As will be appreciated from the above, embodiments of the inventive concepts disclosed herein may be directed to a system (e.g., an aircraft system) and a method configured to display at least one air traffic indicator.

As used throughout and as would be appreciated by those skilled in the art, “at least one non-transitory computer-readable medium” may refer to as at least one non-transitory computer-readable medium (e.g., at least one computer-readable medium implemented as hardware; e.g., at least one non-transitory processor-readable medium, at least one memory (e.g., at least one nonvolatile memory, at least one volatile memory, or a combination thereof; e.g., at least one random-access memory, at least one flash memory, at least one read-only memory (ROM) (e.g., at least one electrically erasable programmable read-only memory (EEPROM)), at least one on-processor memory (e.g., at least one on-processor cache, at least one on-processor buffer, at least one on-processor flash memory, at least one on-processor EEPROM, or a combination thereof), or a combination thereof), at least one storage device (e.g., at least one hard-disk drive, at least one tape drive, at least one solid-state drive, at least one flash drive, at least one readable and/or writable disk of at least one optical drive configured to read from and/or write to the at least one readable and/or writable disk, or a combination thereof), or a combination thereof).

As used throughout, “at least one” means one or a plurality of; for example, “at least one” may comprise one, two, three, . . . , one hundred, or more.

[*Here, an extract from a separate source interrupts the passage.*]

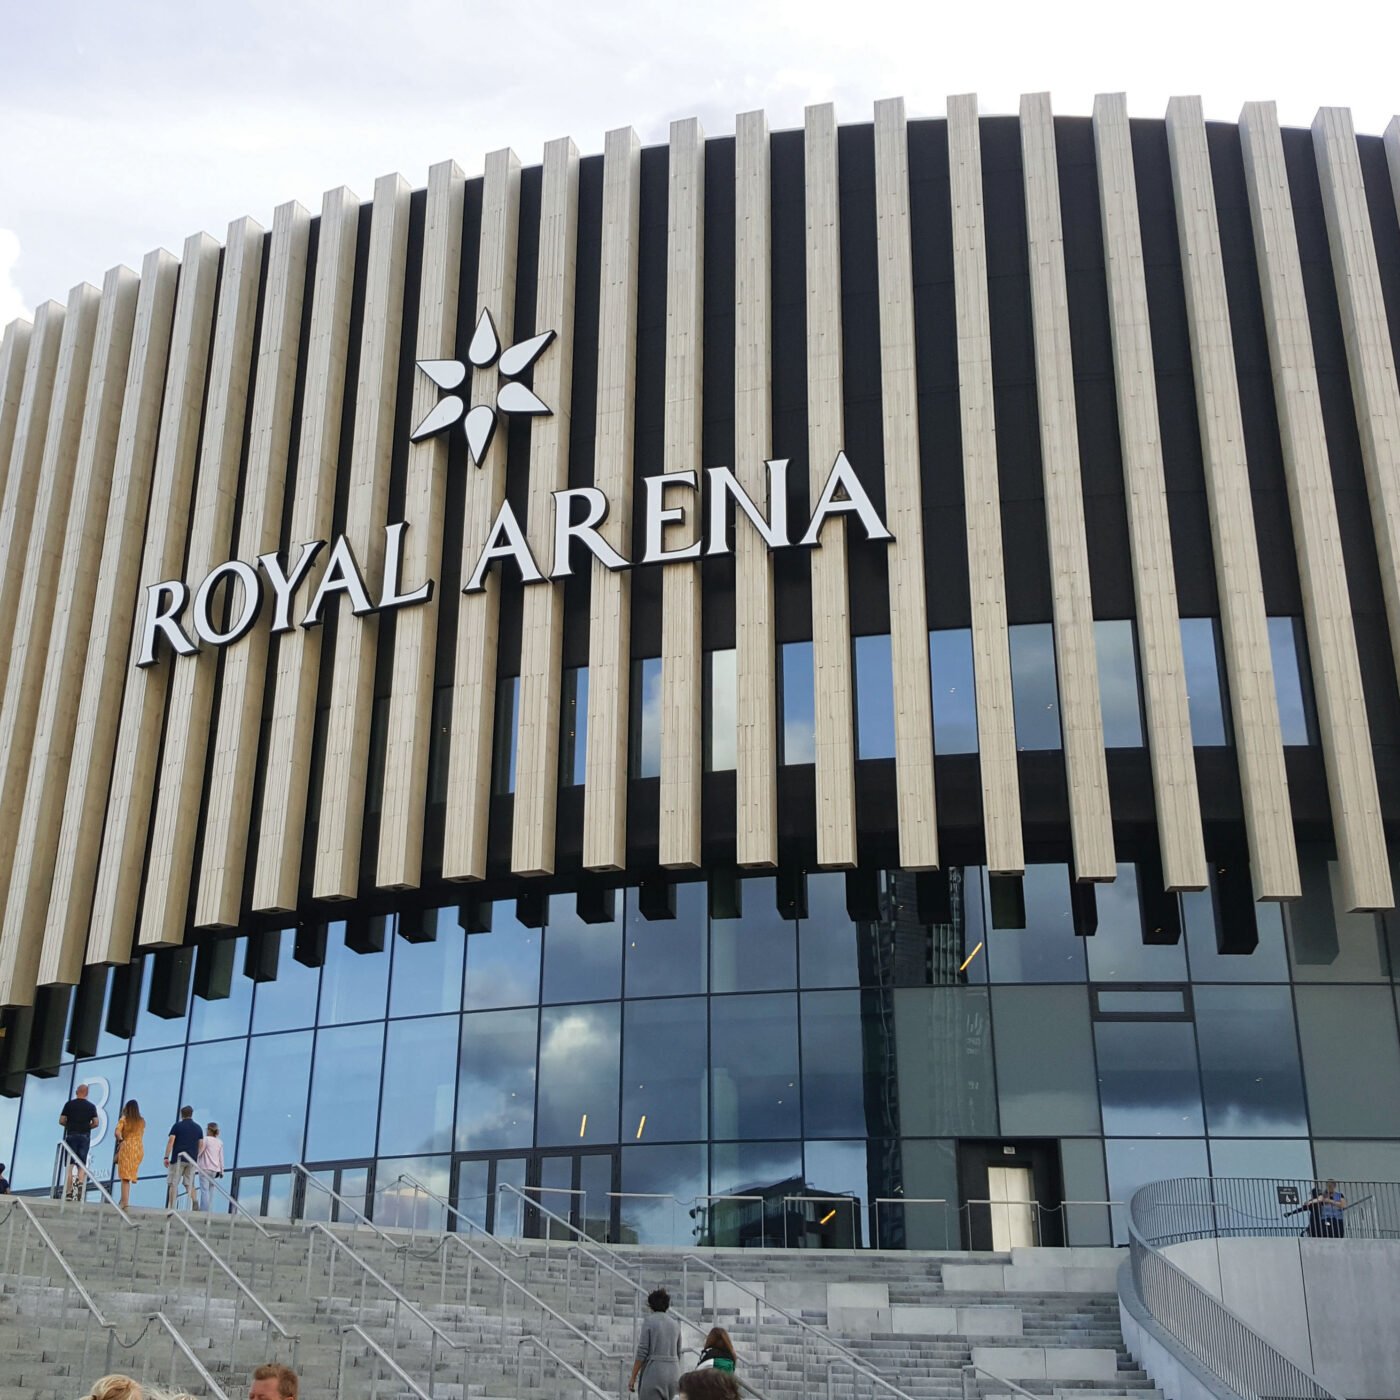 Royal Arena, Kopenhagen

Similarly, as used throughout, “one or more” means one or a plurality of; for example, “one or more” may comprise one, two, three, . . . , one hundred, or more. Further, as used throughout, “zero or more” means zero, one, or a plurality of; for example, “zero or more” may comprise zero, one, two, three, . . . , one hundred, or more.

In the present disclosure, the methods, operations, and/or functionality disclosed may be implemented as sets of instructions or software readable by a device. Further, it is understood that the specific order or hierarchy of steps in the methods, operations, and/or functionality disclosed are examples of exemplary approaches. Based upon design preferences, it is understood that the specific order or hierarchy of steps in the methods, operations, and/or functionality can be rearranged while remaining within the scope of the inventive concepts disclosed herein. The accompanying claims may present elements of the various steps in a sample order, and are not necessarily meant to be limited to the specific order or hierarchy presented.

It is to be understood that embodiments of the methods according to the inventive concepts disclosed herein may include one or more of the steps described herein. Further, such steps may be carried out in any desired order and two or more of the steps may be carried out simultaneously with one another. Two or more of the steps disclosed herein may be combined in a single step, and in some embodiments, one or more of the steps may be carried out as two or more sub-steps. Further, other steps or sub-steps may be carried in addition to, or as substitutes to one or more of the steps disclosed herein.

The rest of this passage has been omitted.